I've Caught Durado within 15nm a few times.


----------



## Jolly Roger (May 21, 2004)

1. Snapper
2. Ling
3. Kingfish
4. Wahoo
5. Amberjack
6. Tuna (black/yellow etc.)
7. Anything else???


use to catch snapper out of kayaks out of Galveston
Catch ling out of the surf at times, other times they can not be found
Kings are an infestation they are everywhere
Wahoo aprox 70 miles, get lucky at 50 miles at times
Amberjack aprox 70 miles get lucky and get some closer
Tuna, black 70 miles, yellow do not know
DoDos can be caught as close as a few miles when water right
grouper, 60+ miles
b-liners, same as AJs

My distances are SM


----------



## Wizness (Jun 15, 2011)

spectackler1 said:


> I've Caught Durado within 15nm a few times.

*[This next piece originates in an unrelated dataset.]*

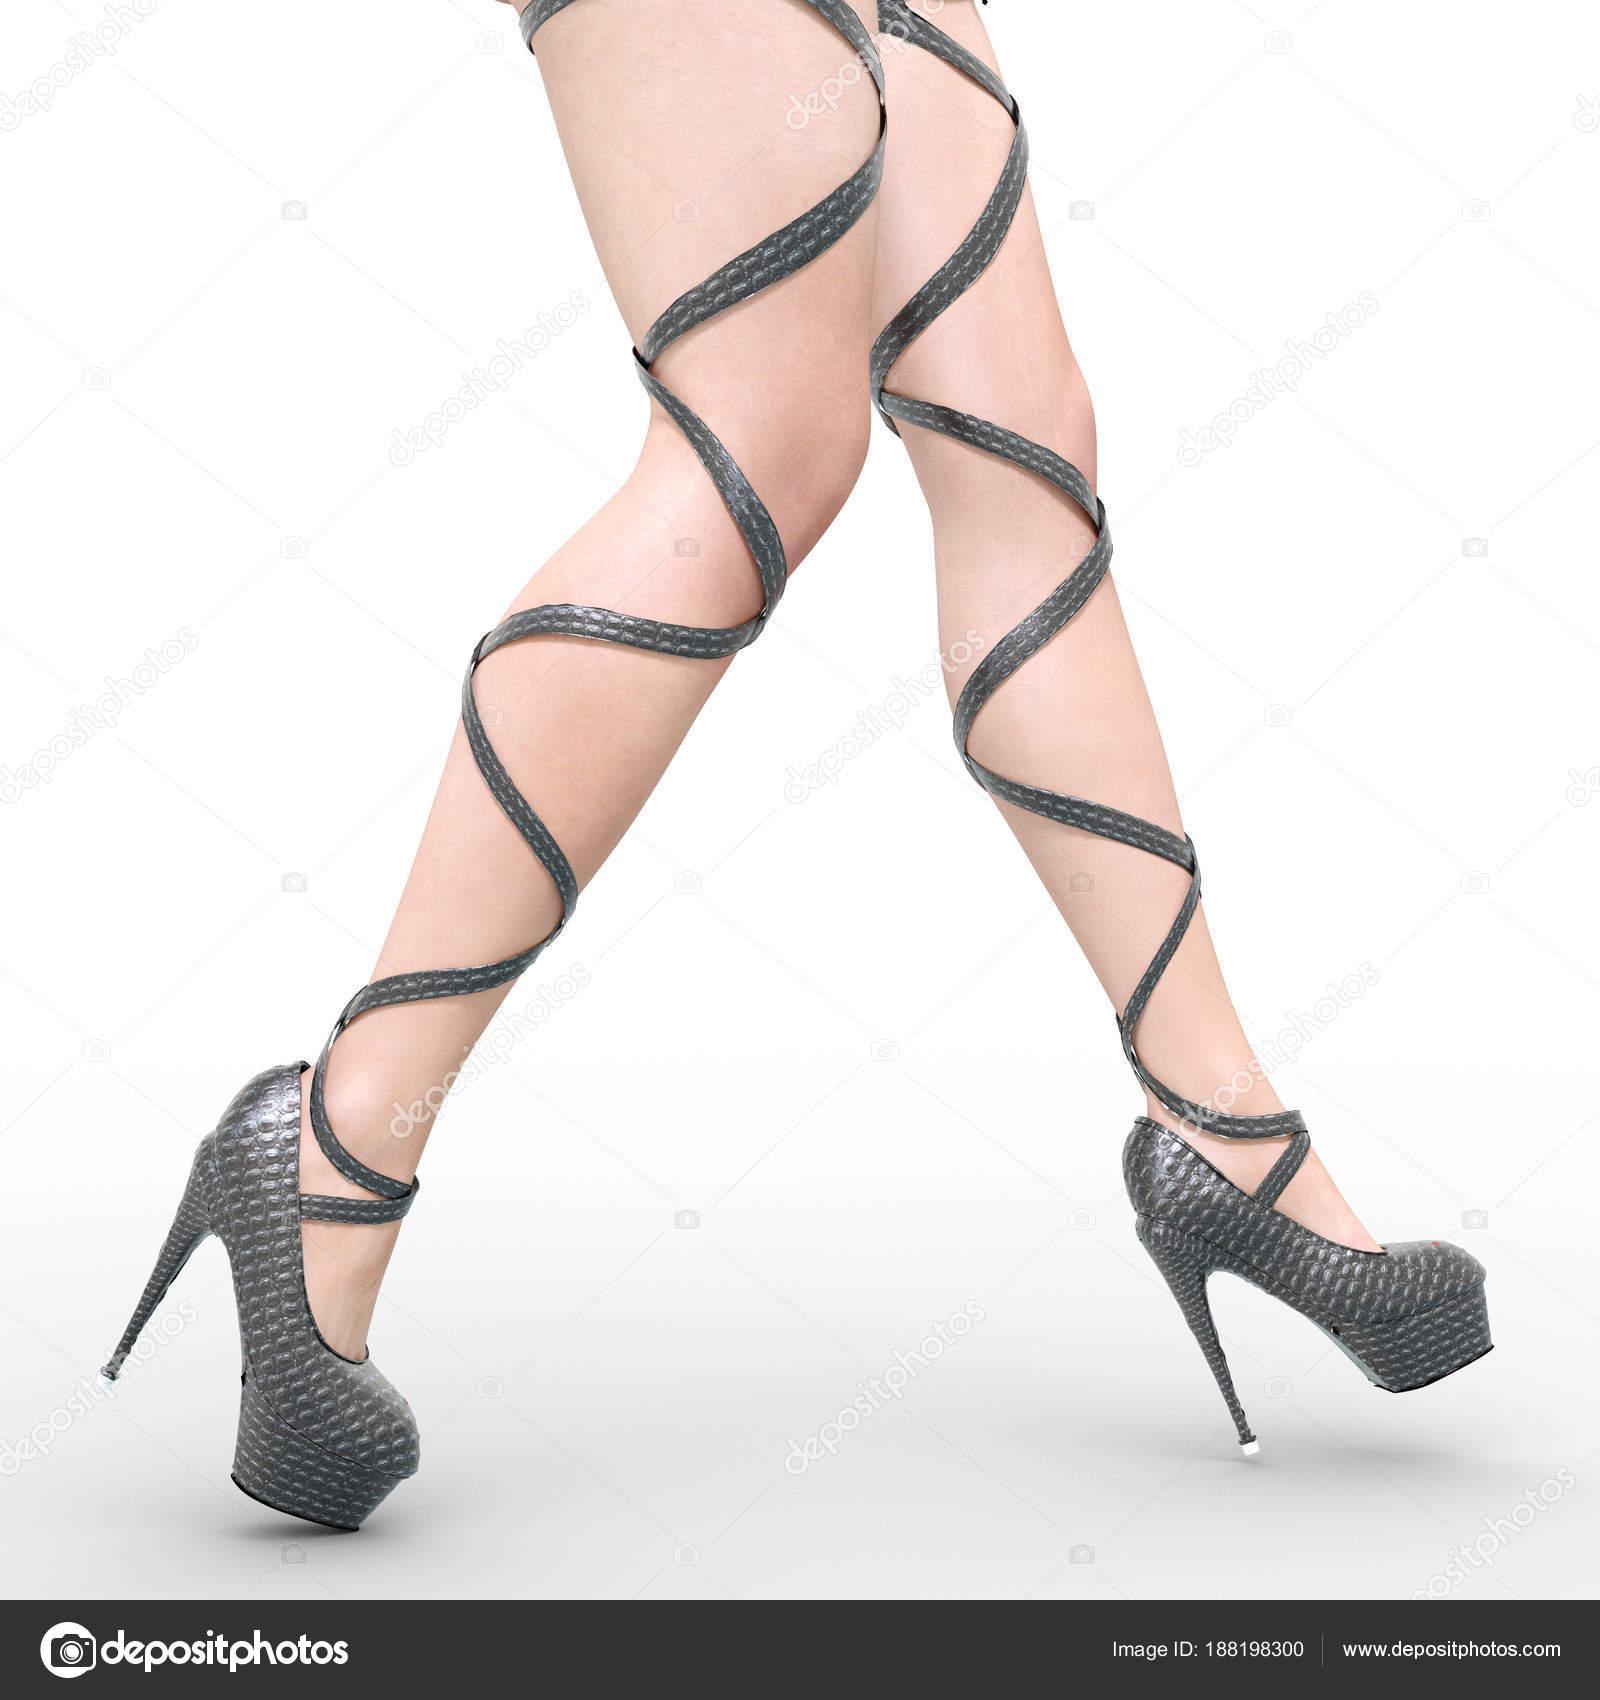 Сексуальнын женские ножки

forgot to add dorado to the list. Thanks


----------



## TarponDude (Jun 27, 2012)

Agree with everything above.

Winter Snapper move in closer and can be had from the TPWD reefs(9nm) and maybe even the jetties.

When it gets balmy in the summer and the blue water moves in, it never hurts to use bigger tackle.

I got broken off by a 60-80lb wahoo at 35nm last summer while drifting for kingfish. Fought it for a while and then its body got on the 20lb mono.

I now have 12' 60lb leaders on everything.

It's like dressing for the job you want, not the job you have. Tackle for a bigger fish than you are "fishing for".


----------



## McDaniel8402 (Dec 7, 2011)

I fished a few of the short rigs last summer out of Galvez. Water depth was ~55-65 ft at ~12 miles or so from the end of the jetties. Saw a whole bunch of short cobia in the 30" range. Few sharks. Some spanish macks. Blue fish. Bunch o spade fish. A handful of small red snapper in the 10" range. You're better off making the run out of Freeport. Shorter run to get to nice water, especially if you're running a small boat and fuel is an issue.


----------



## jhua (May 13, 2011)

Jolly Roger said:


> 1. Snapper
> 2. Ling
> 3. Kingfish
> 4. Wahoo
> ...


didn't know snapper were that close! Caught em out of yaks in Freeport but not Galveston


----------



## PHINS (May 25, 2004)

I know it's rare but we caught a blue marlin 40 miles out of Freeport.


----------



## LayedBack1 (Jan 16, 2009)

Agree with most everything, except I didn't know there were any Red Snapper left. That they were extinct


----------



## snapperlicious (Aug 11, 2009)

Ive caught wahoo and ajs 30 miles out of gorda before. blackfin 40 plus yellowfin 70 plus but may get lucky closer in. everything else beachfront out.


----------